* _EXERCISE PROMPT_:
Restate word for word the entries below, starting at the line with "Serendipity Scroll fabric" and ending at the line with "Franz Josef Glacier, South". Keep both end lines and omit the pictures.

* _TASK MATERIAL_:

====================

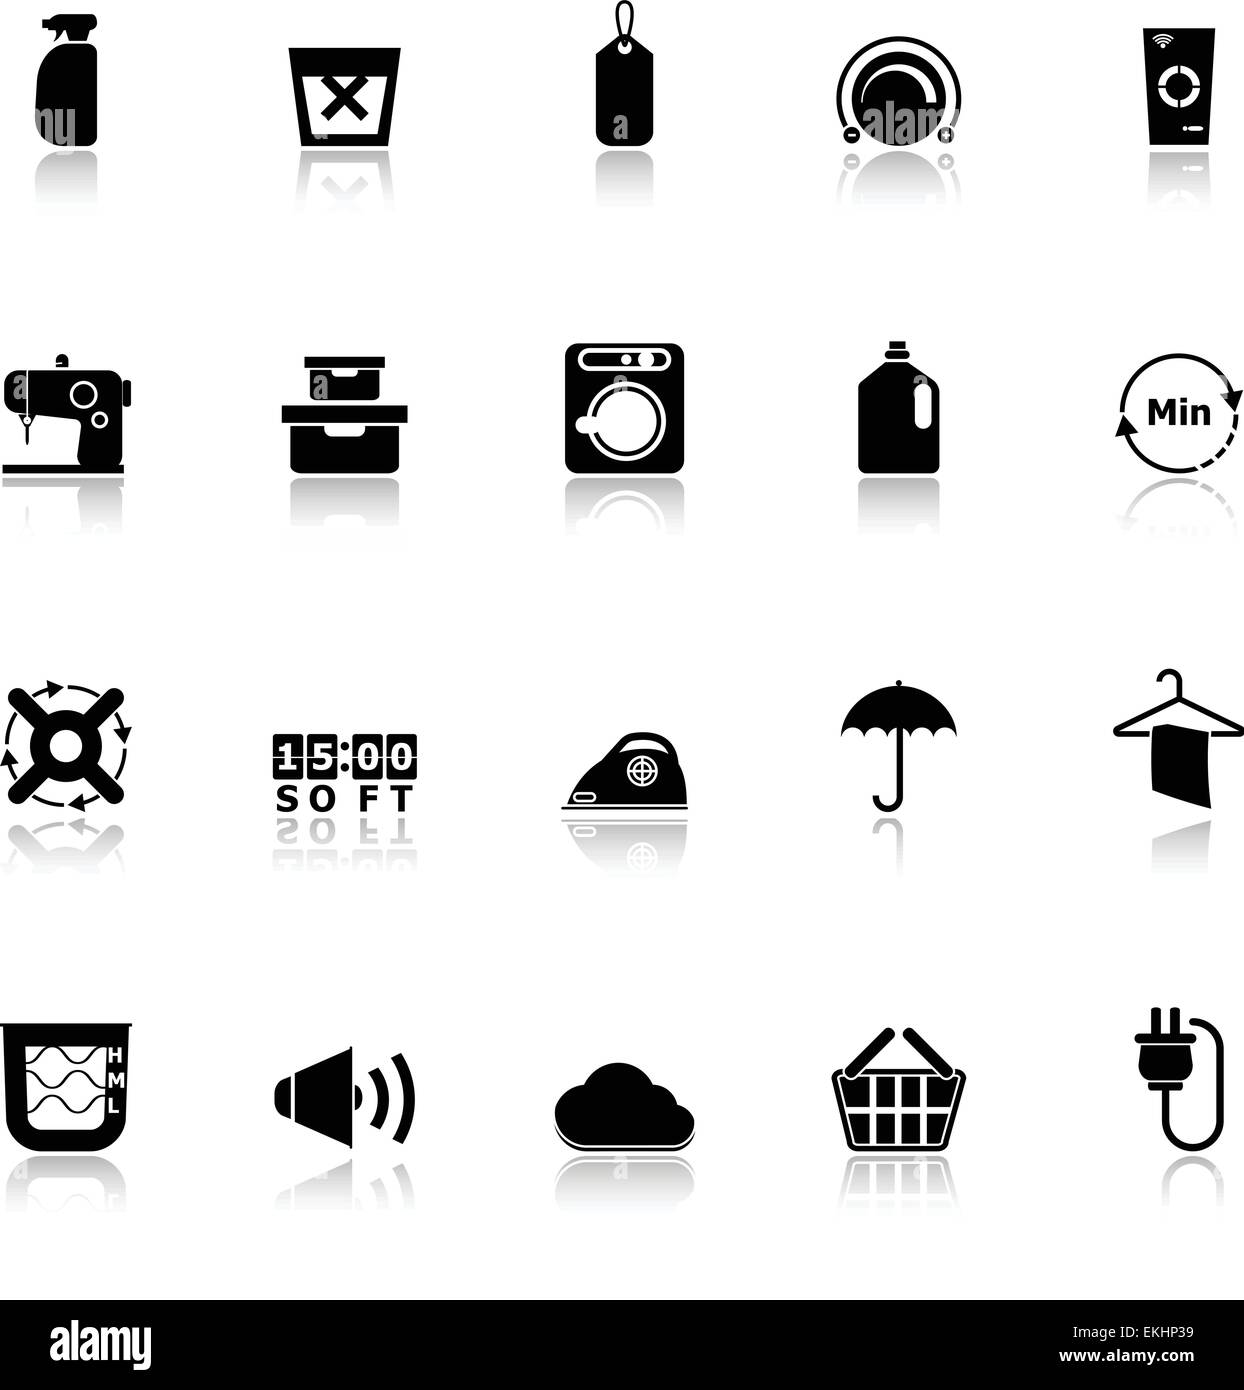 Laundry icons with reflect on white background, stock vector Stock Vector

====================

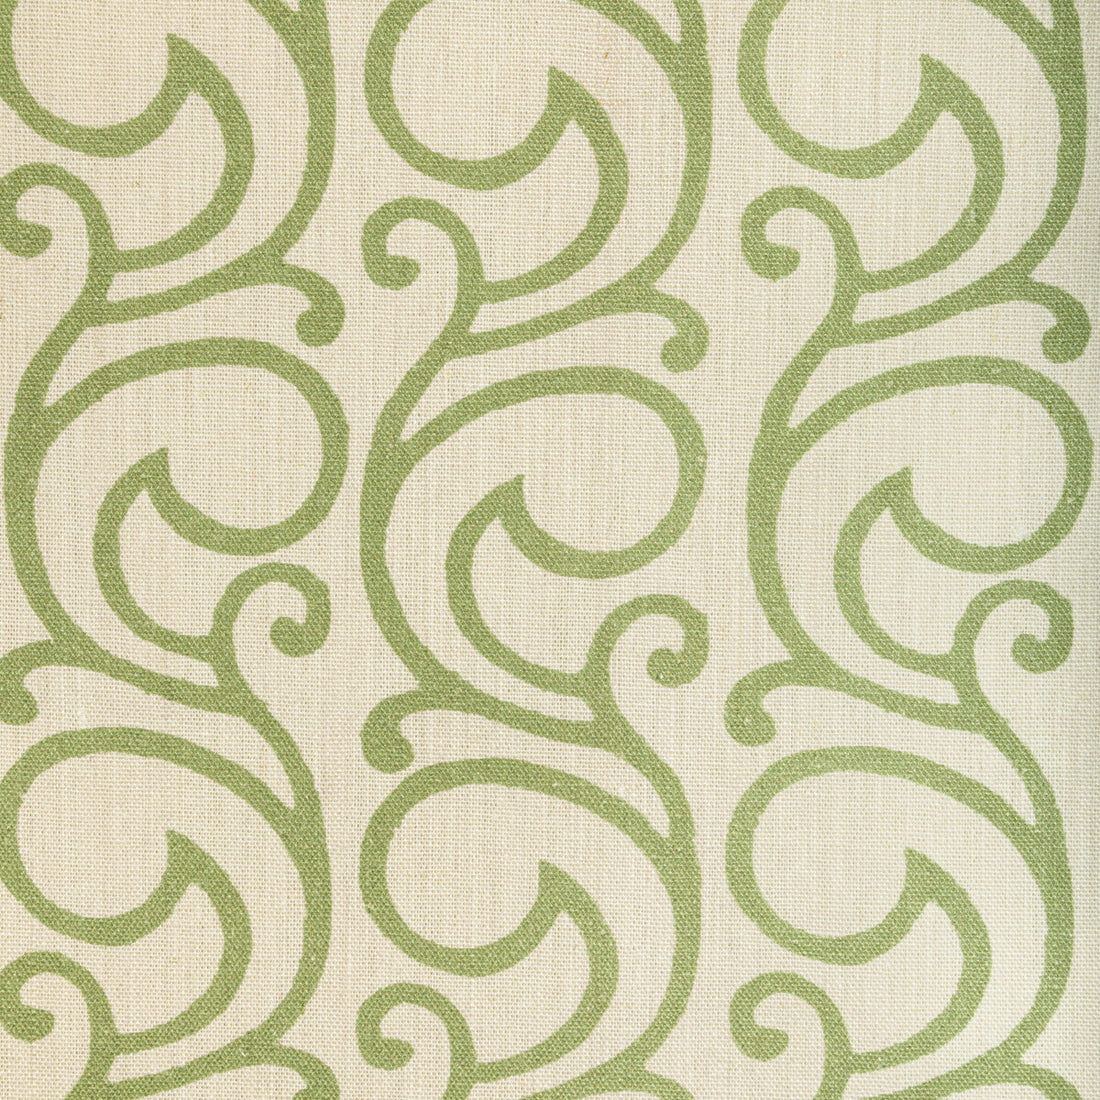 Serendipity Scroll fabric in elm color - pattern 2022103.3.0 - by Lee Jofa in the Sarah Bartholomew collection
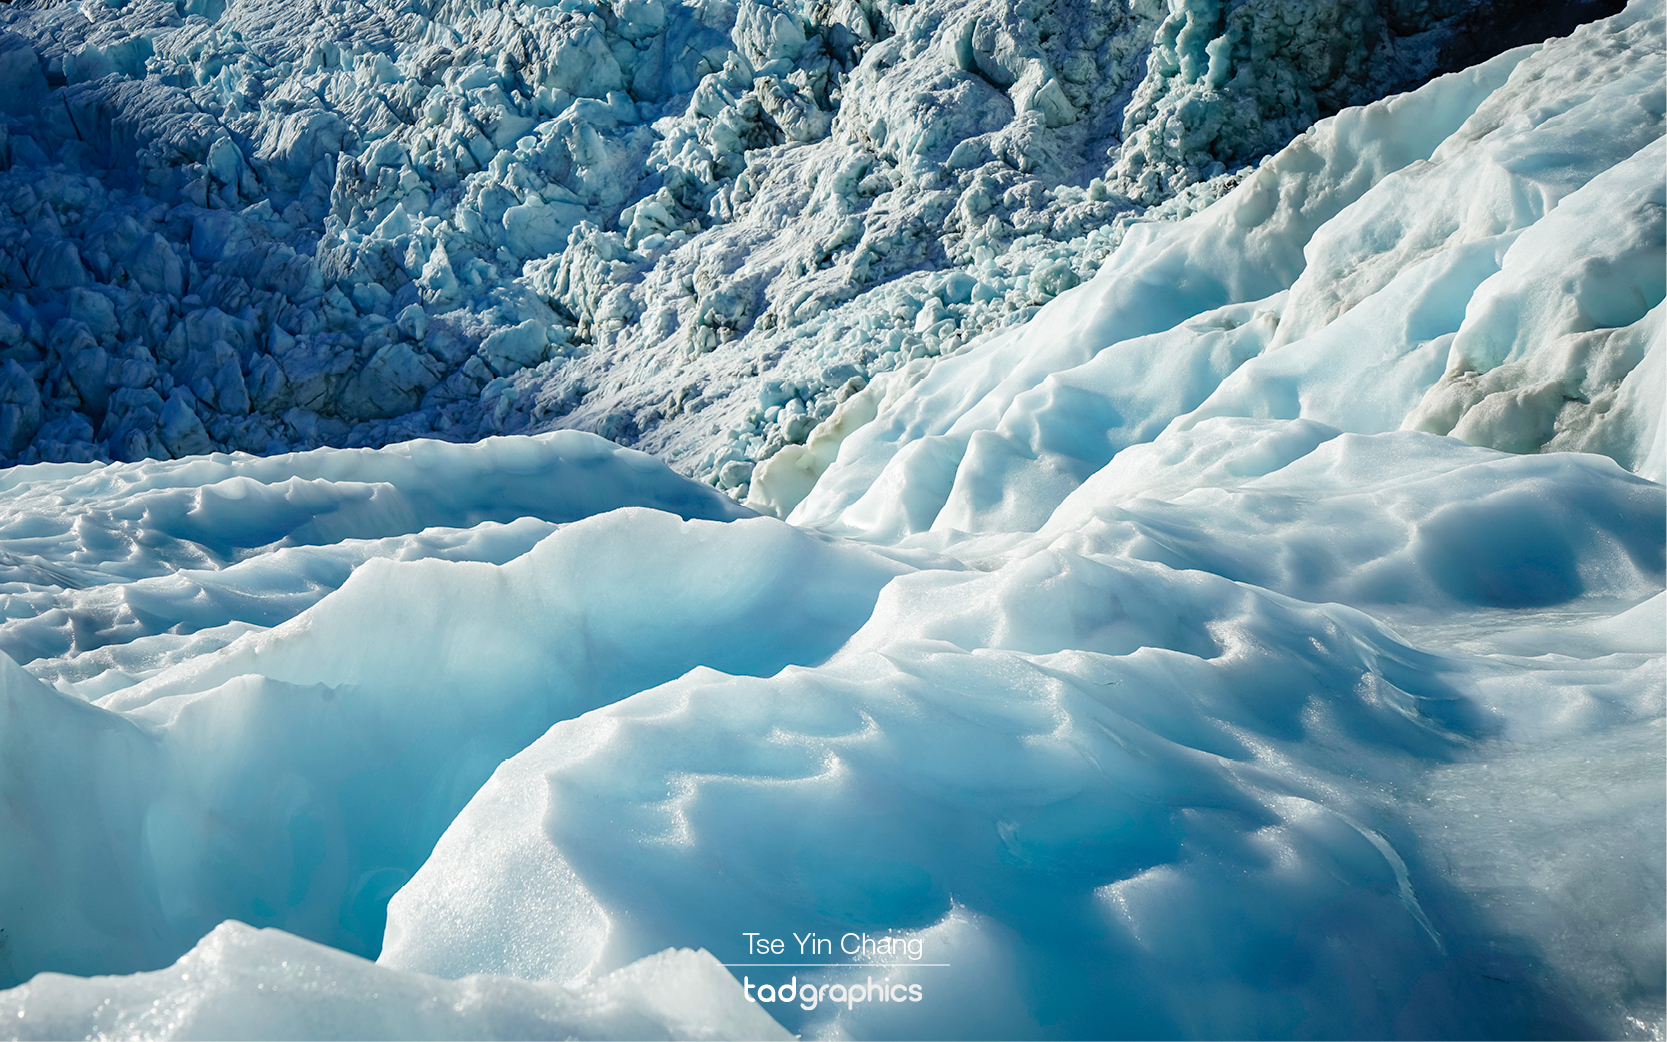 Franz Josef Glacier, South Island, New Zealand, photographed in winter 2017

====================

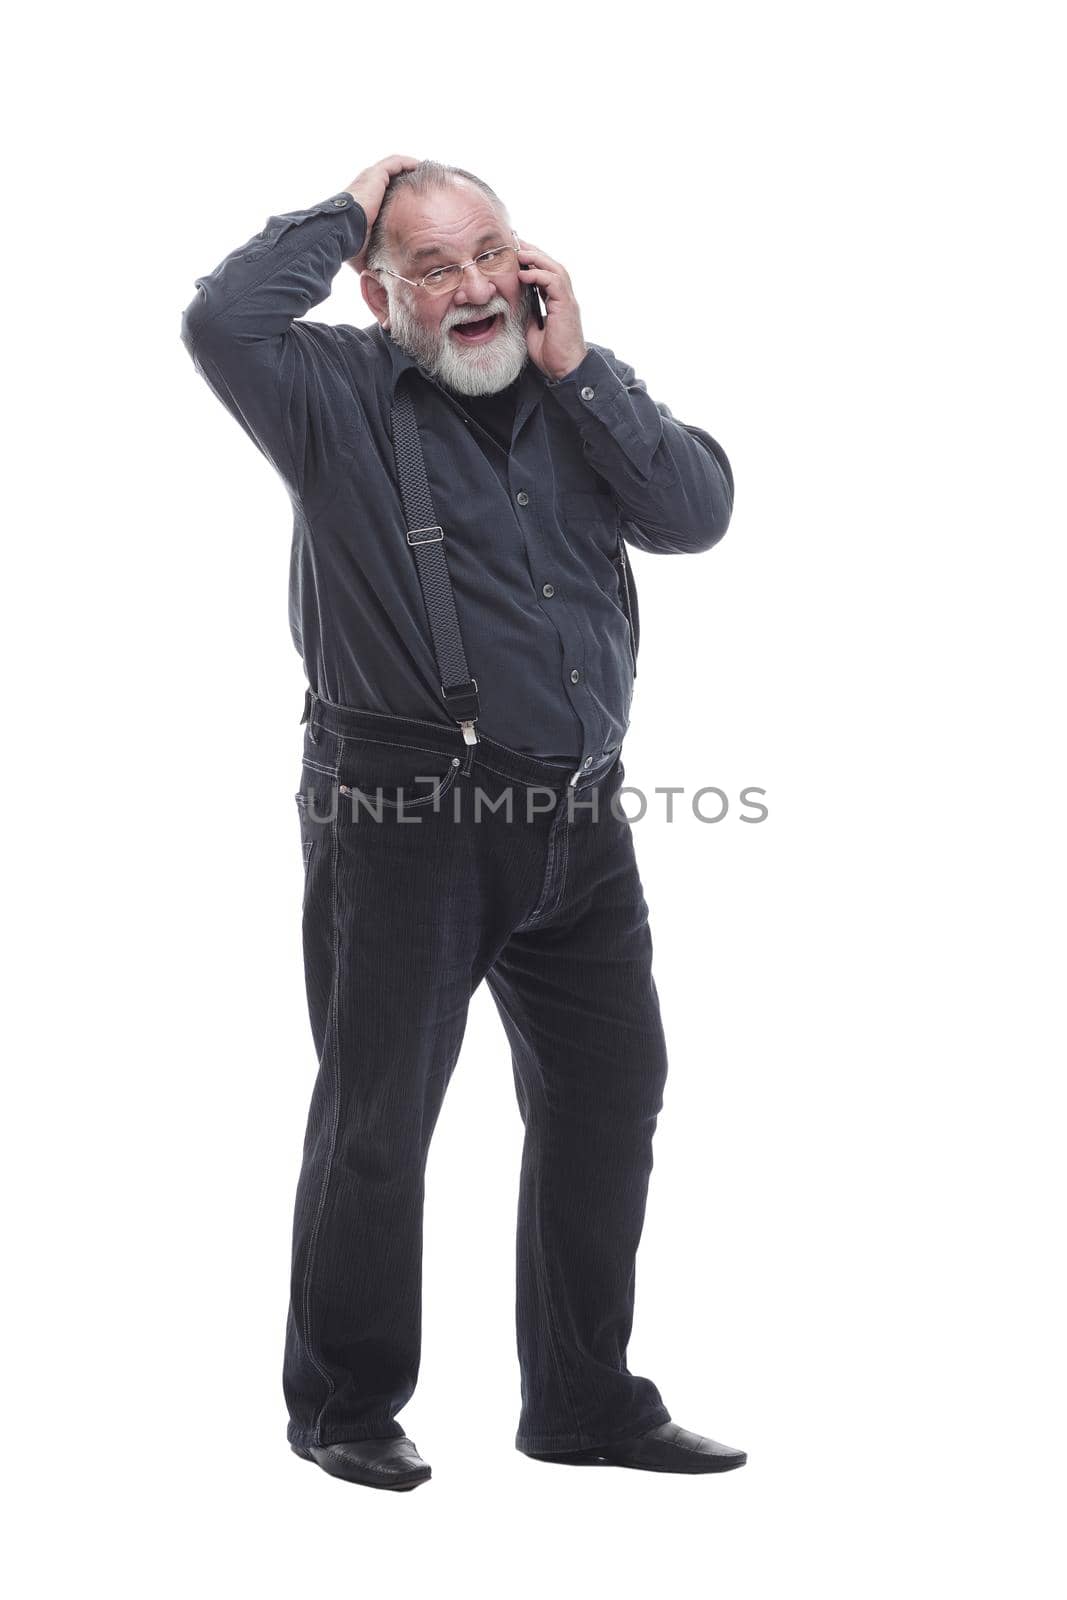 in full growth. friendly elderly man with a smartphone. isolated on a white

====================

* _ANSWER_:
 Serendipity Scroll fabric in elm color - pattern 2022103.3.0 - by Lee Jofa in the Sarah Bartholomew collection
 Franz Josef Glacier, South Island, New Zealand, photographed in winter 2017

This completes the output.